Sophie drove past the first three parking lots, all of which were distant enough from even the employee gates to have their own shuttle system, and around a large building blazoned with the smiling face of Monty Mule and Hilary Hinny, the lovable cartoon scamps upon whose backs Michael Lowry the First had constructed an empire. Her car slid into her reserved slot with what sounded like a satisfied purr, obscuring her name, which had been spray painted onto the concrete when she became important enough to warrant such prime parking.

She looked at me again, expression grim. “Stick to your story, Mel,” she advised. “Once we’re inside, I’m not your friend, I’m the person who has to make sure every employee represents the best face of the company. If you say or do anything that makes my superiors think you might have been there—”

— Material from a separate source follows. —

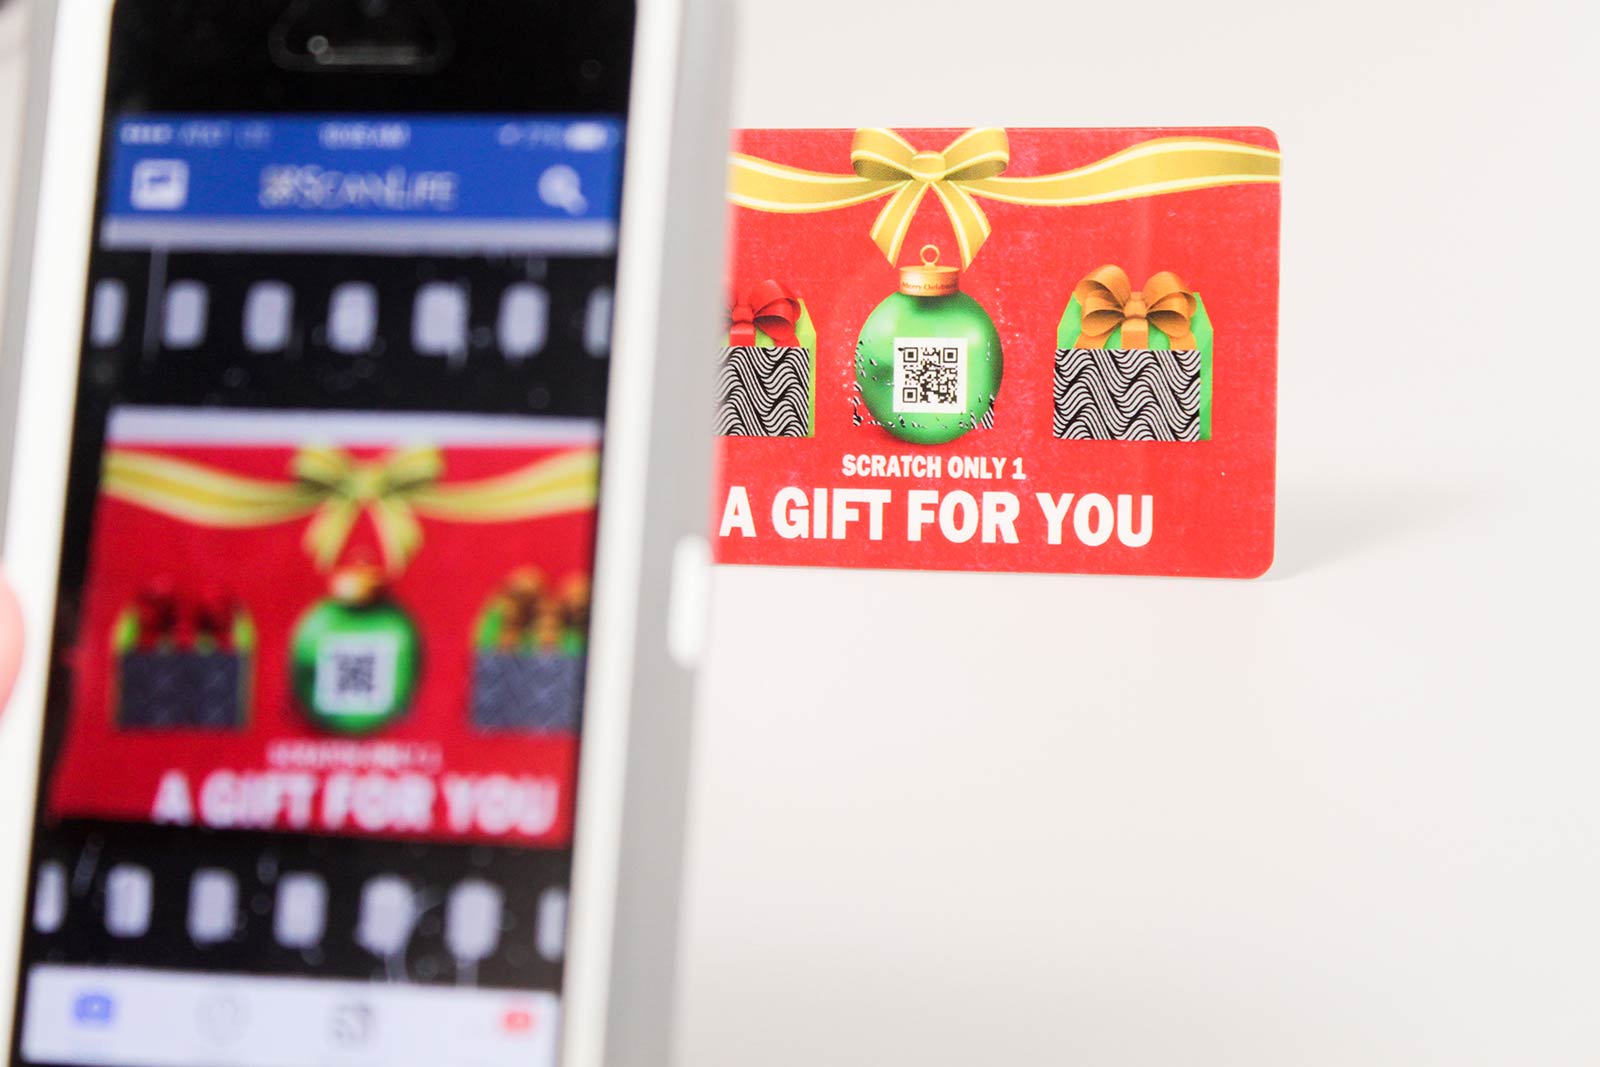 a-gift-for-you-scratch-off-promo-cards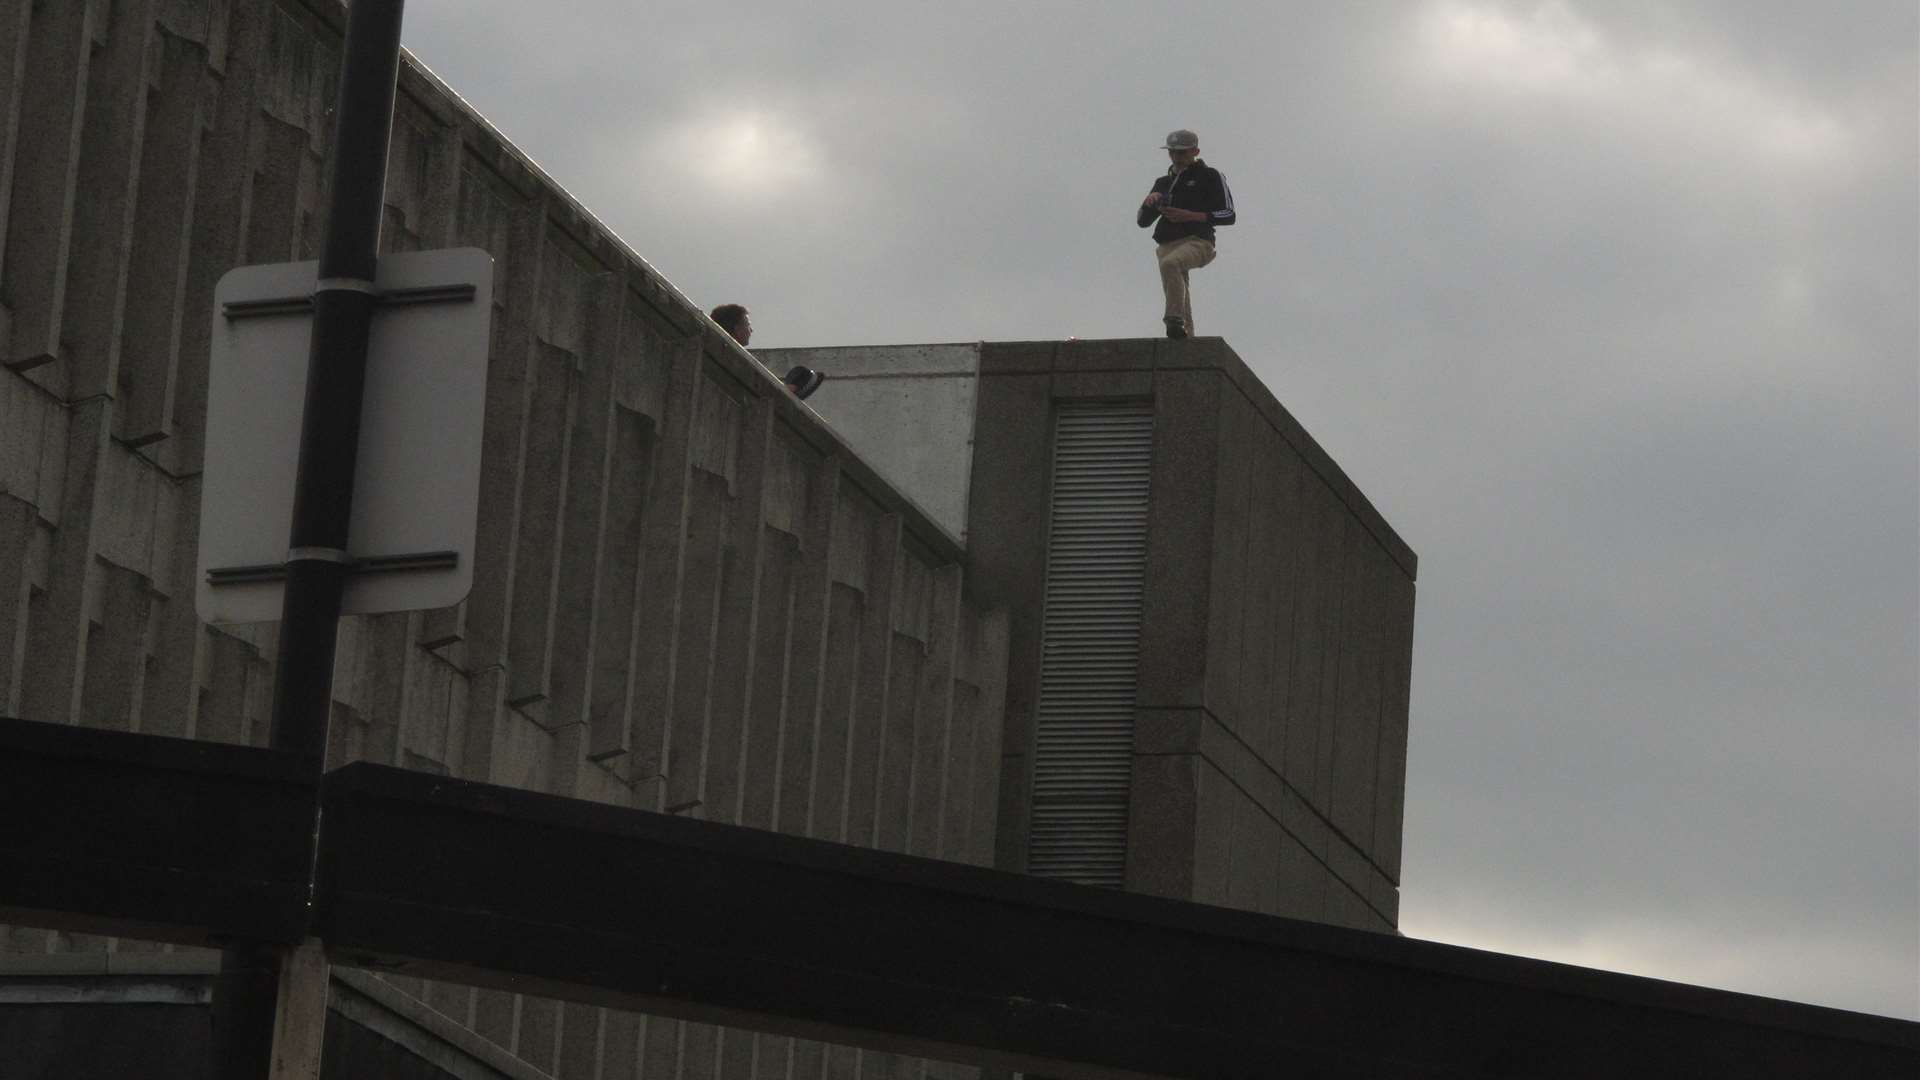 Officers are talking to the man who is on the roof or a multi-storey carpark

“I won’t let you down,” I said.

Sophie nodded.

“Good,” she said, and got out of the car, leaving me to trail along behind her like a lost duckling, looking for a way back to the safety of the pond.



* * *





The air-conditioning inside the Public Relations building was like a punch to the face after the growing heat outdoors. It didn’t help that PR, out of every department associated with Lowryland, had to “live the Lowry life,” decorating everything in corporate iconography. Gone were the tasteful photographs and colors of the hiring office, replaced by aggressively bright primary shades and even brighter posters blazing out advertisements for the company’s most iconic properties.

It could have been interesting, under the right circumstances, to wander through the halls and see the evolution of Lowry’s style across the decades, from the white-and-gold minimalism of Goldtree and Silvertree to the lush pre-Raphaelite jewel tones of Goblin Market, all the way up to the stark green and silver of Thistle and the gilded pastels of Mooncake.

The three people waiting for us in the lobby sort of killed that idea. They were dressed like PR wonks the world over, in suit jackets, pressed slacks, and pencil skirts (all following strict gender lines, sadly; at least mixing it up a little would have made things interesting). Their accessories were in gaudier colors than the norm, allowing them to blend better with their surroundings, but a bright red pocket square or a chunky green necklace couldn’t change the fact that they were the hard hand of strict formality trying to enforce itself on a fairy-tale wonderland.

There was no sign of Fern. I looked anxiously around, like she might be crammed into a corner somewhere, and clutched my duffel bag against my chest. It was part true concern, part distraction. I couldn’t disguise myself, not with Sophie right there, knowing what I really looked like. But these people didn’t know me. If I wanted to act like I was easily confused and frightened of losing my job, they couldn’t call my bluff.